EXERCISE:
Could you restate the data below word for word, without its pictures?

*** MATERIAL FOR THIS EXERCISE

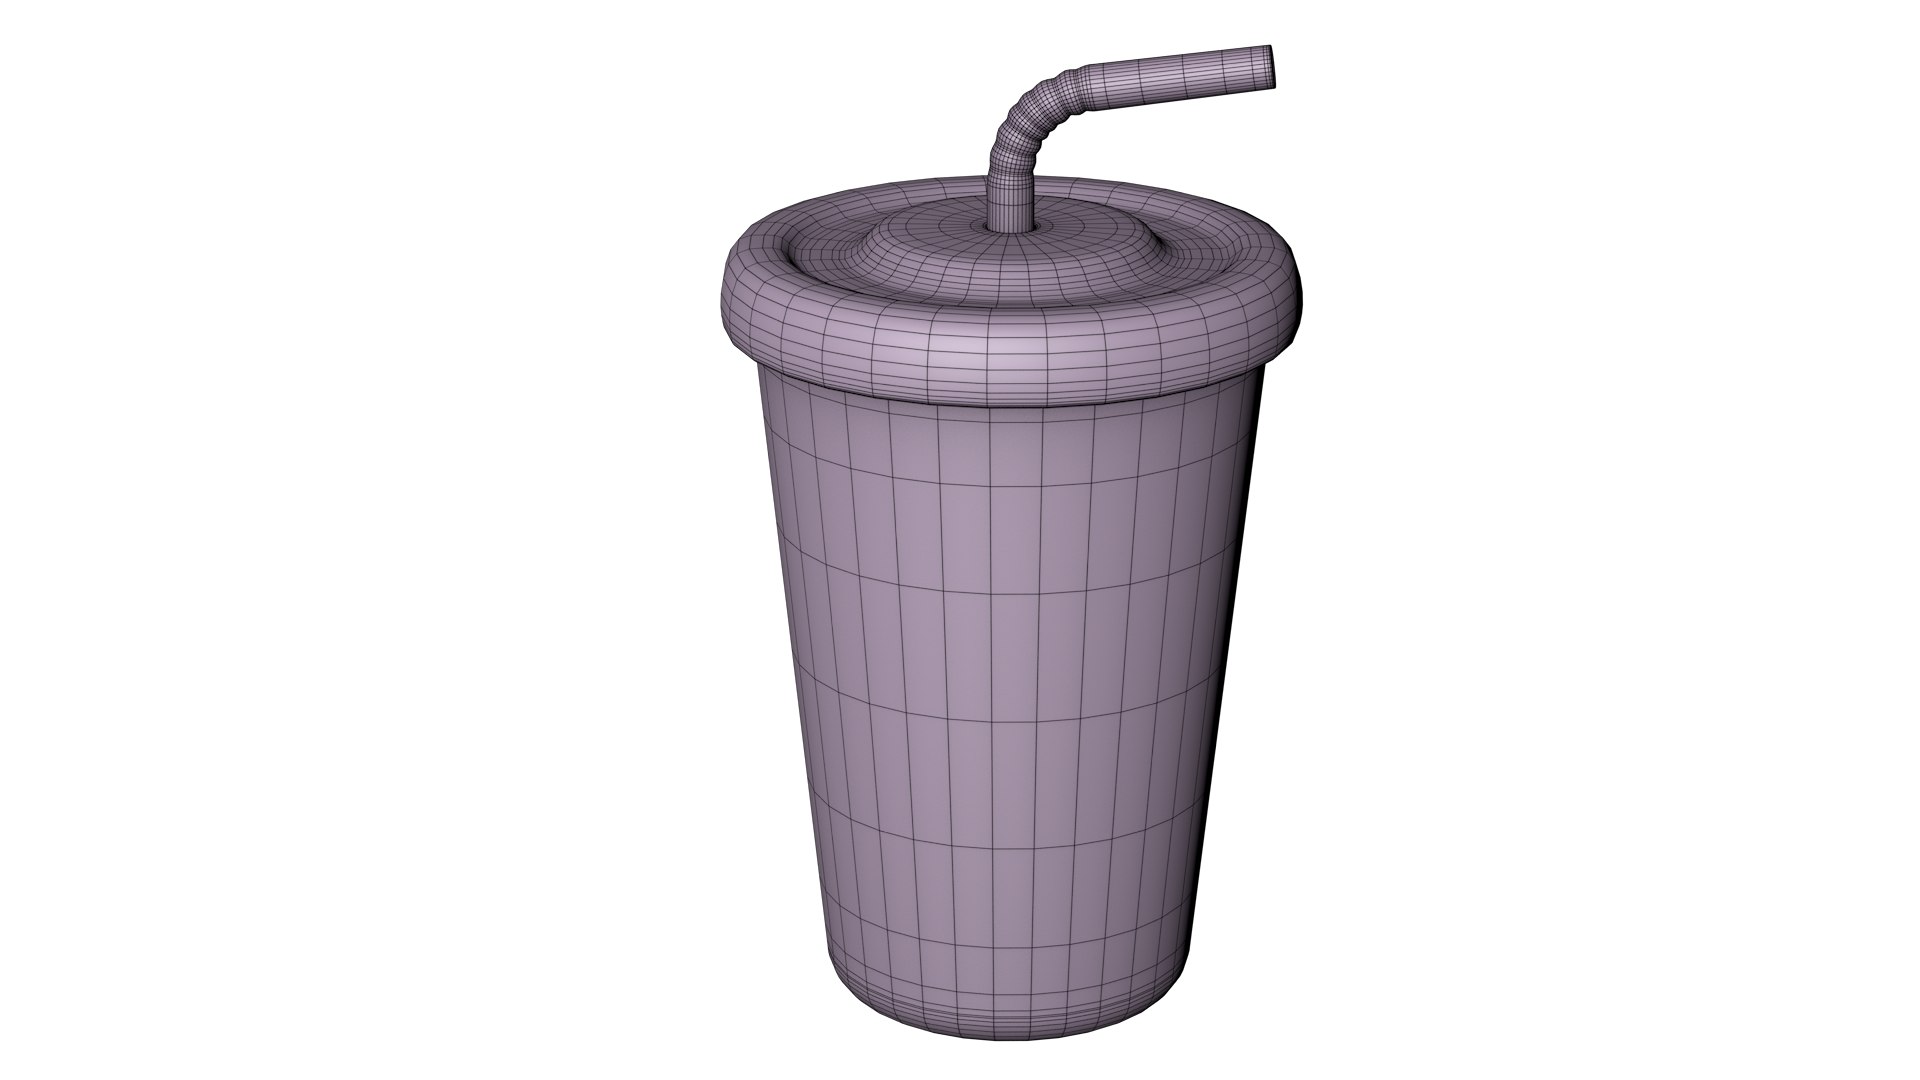 Soda cup model by funcMathias on DeviantArt
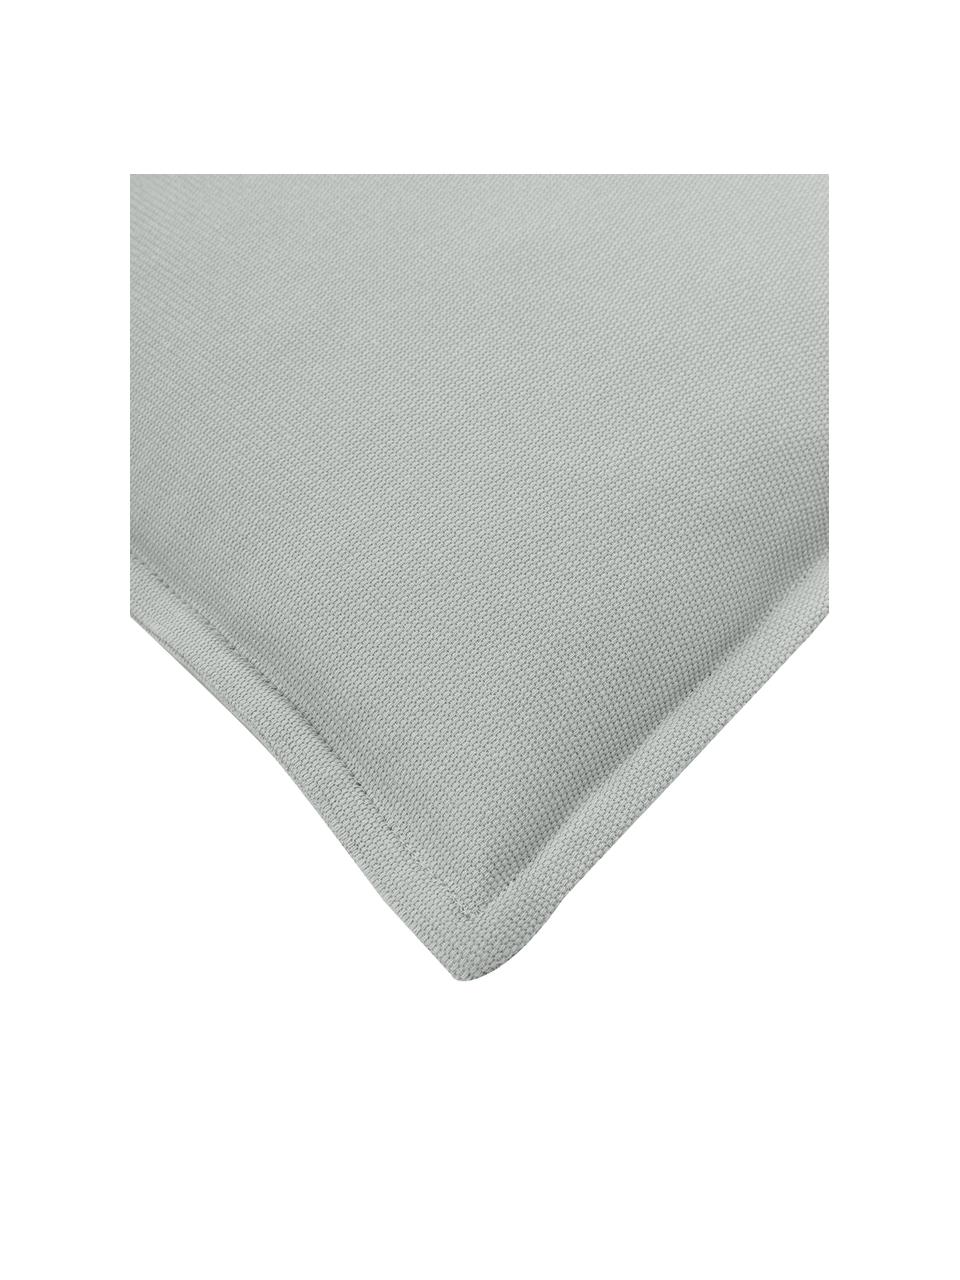 Federa arredo con bordino in cotone grigio chiaro Mads, 100% cotone, Grigio chiaro, Larg. 40 x Lung. 40 cm
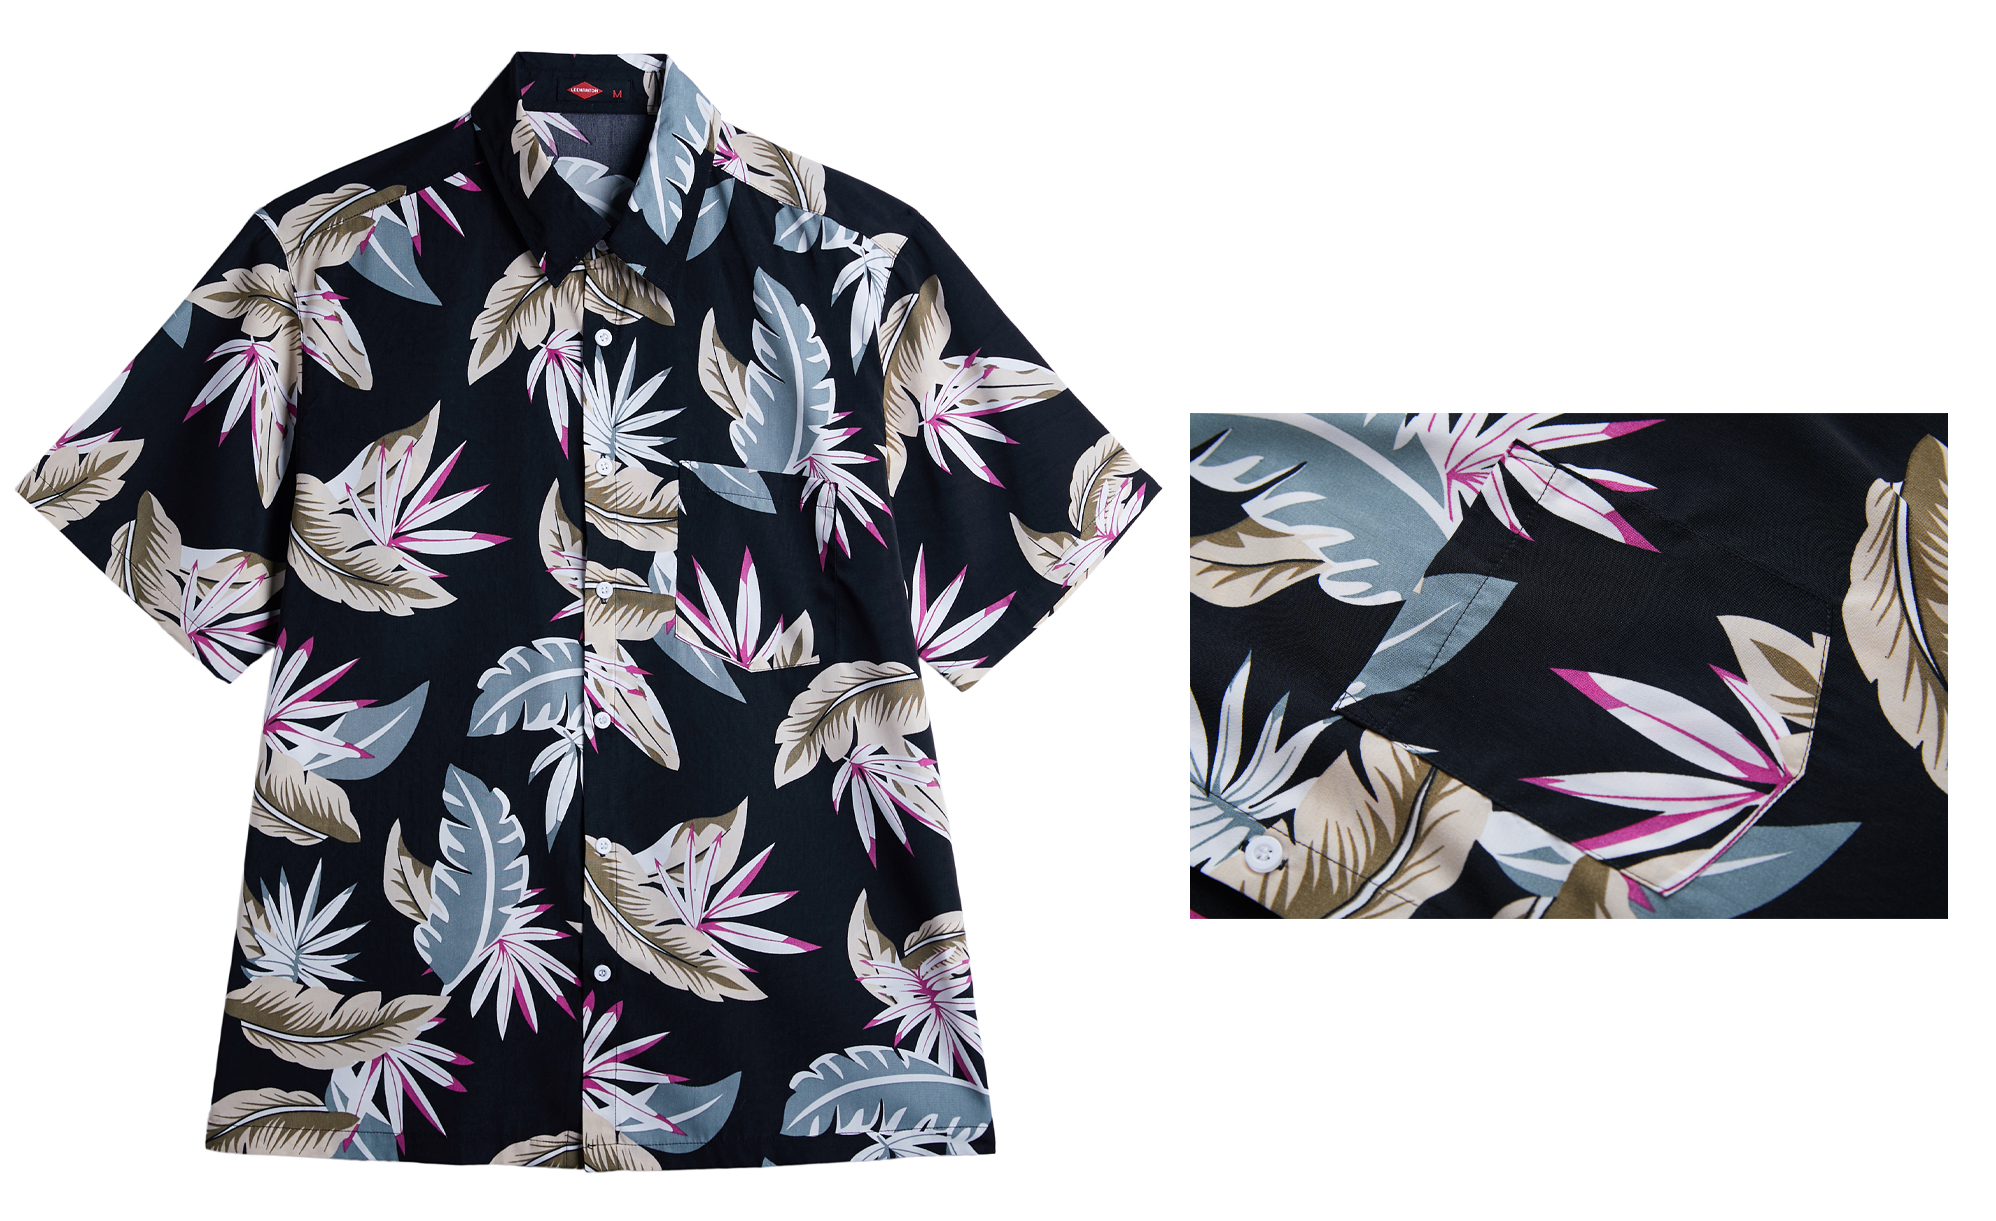 Men's Printed Button-Down Hawaiian Short Sleeve SHIRT w/ Tropical Leaf Print
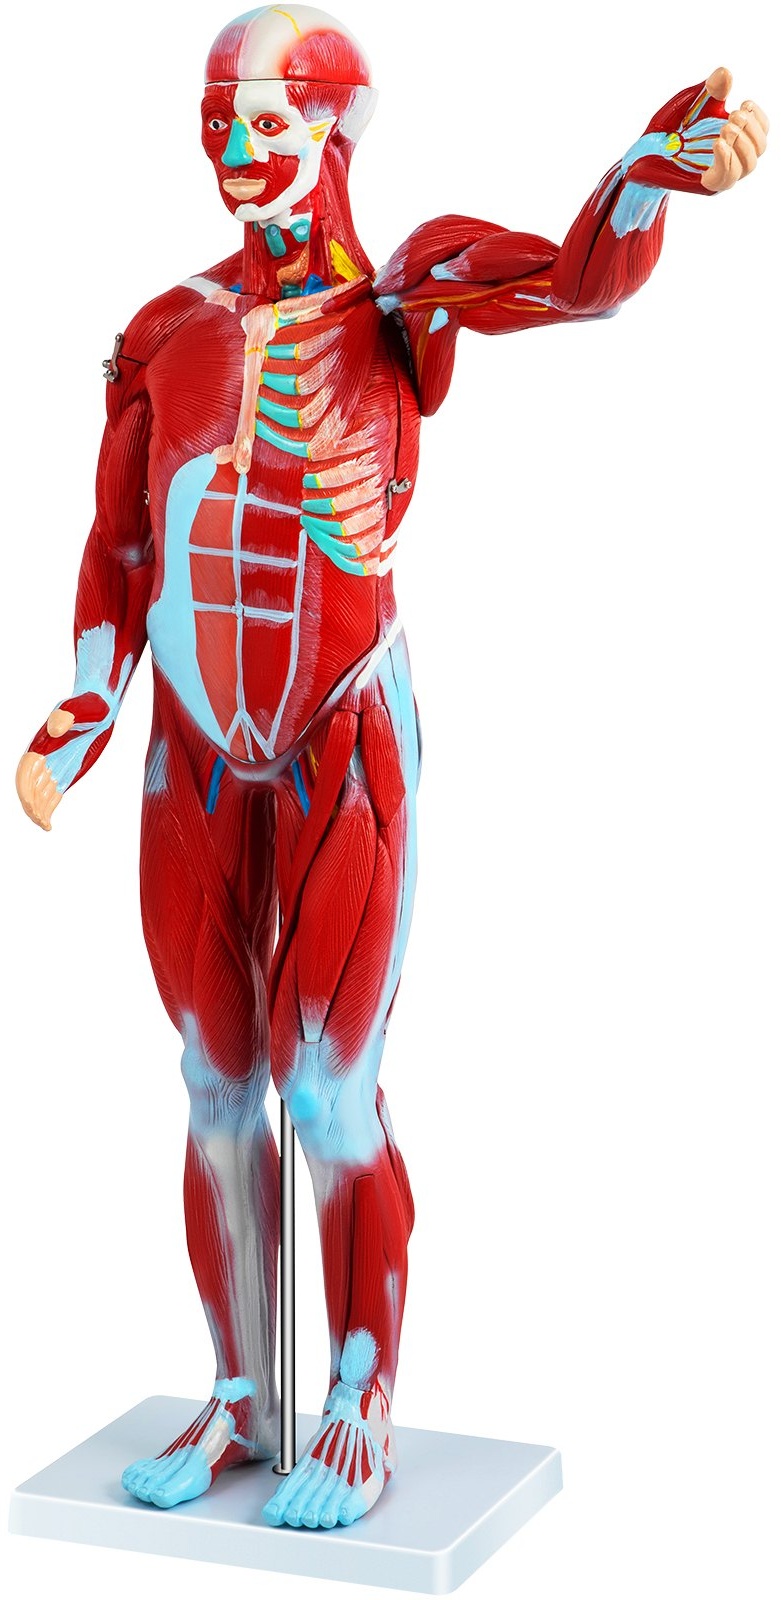 VEVOR 27-teilig, Anatomie Modell Torso des Menschen Anatomiemodell Menschlicher Körper Anatomisches Menschliches Model Menschliche Modelle Lehrmodell mit Organe, Zum Lernen und Anzeigen Muskelsystem
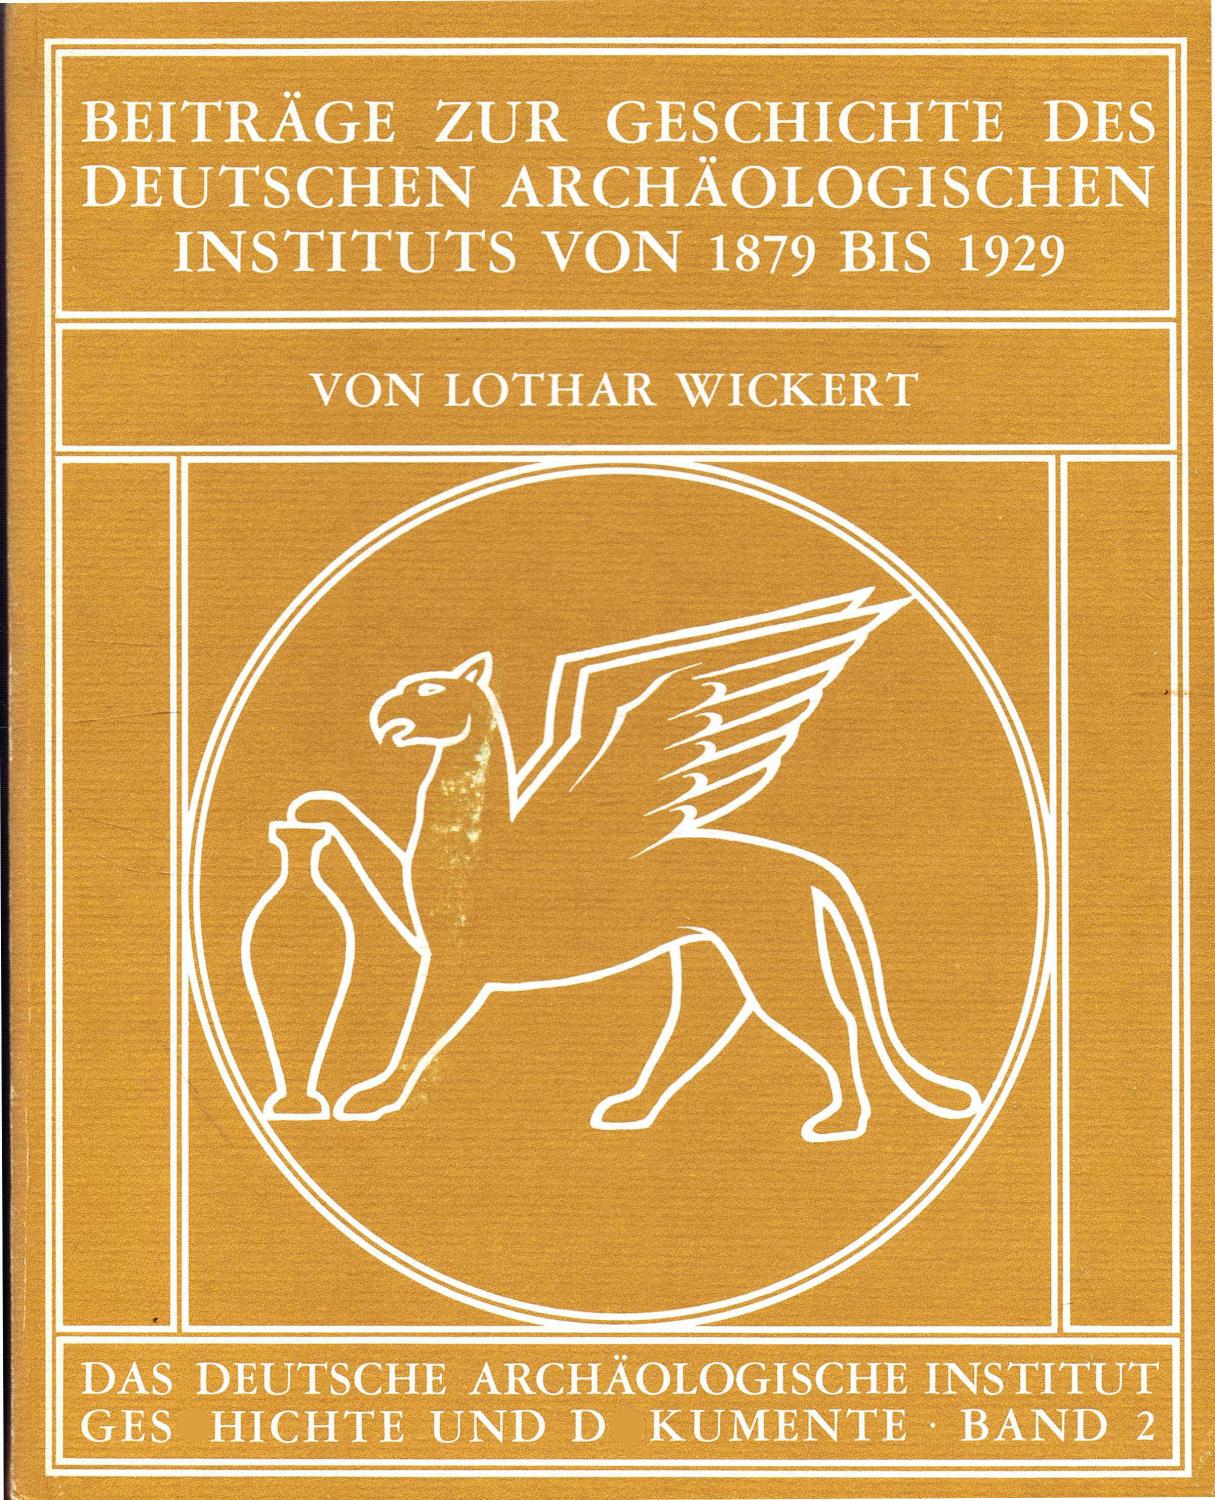 Beiträge zur Geschichte des Deutschen Archäologischen Instituts 1879 bis 1929 (1979) - Wickert, Lothar

******

TASK OUTPUT:
 Soda cup model by funcMathias on DeviantArt
 Federa arredo con bordino in cotone grigio chiaro Mads, 100% cotone, Grigio chiaro, Larg. 40 x Lung. 40 cm
 Men's Printed Button-Down Hawaiian Short Sleeve SHIRT w/ Tropical Leaf Print
 VEVOR 27-teilig, Anatomie Modell Torso des Menschen Anatomiemodell Menschlicher Körper Anatomisches Menschliches Model Menschliche Modelle Lehrmodell mit Organe, Zum Lernen und Anzeigen Muskelsystem
 Beiträge zur Geschichte des Deutschen Archäologischen Instituts 1879 bis 1929 (1979) - Wickert, Lothar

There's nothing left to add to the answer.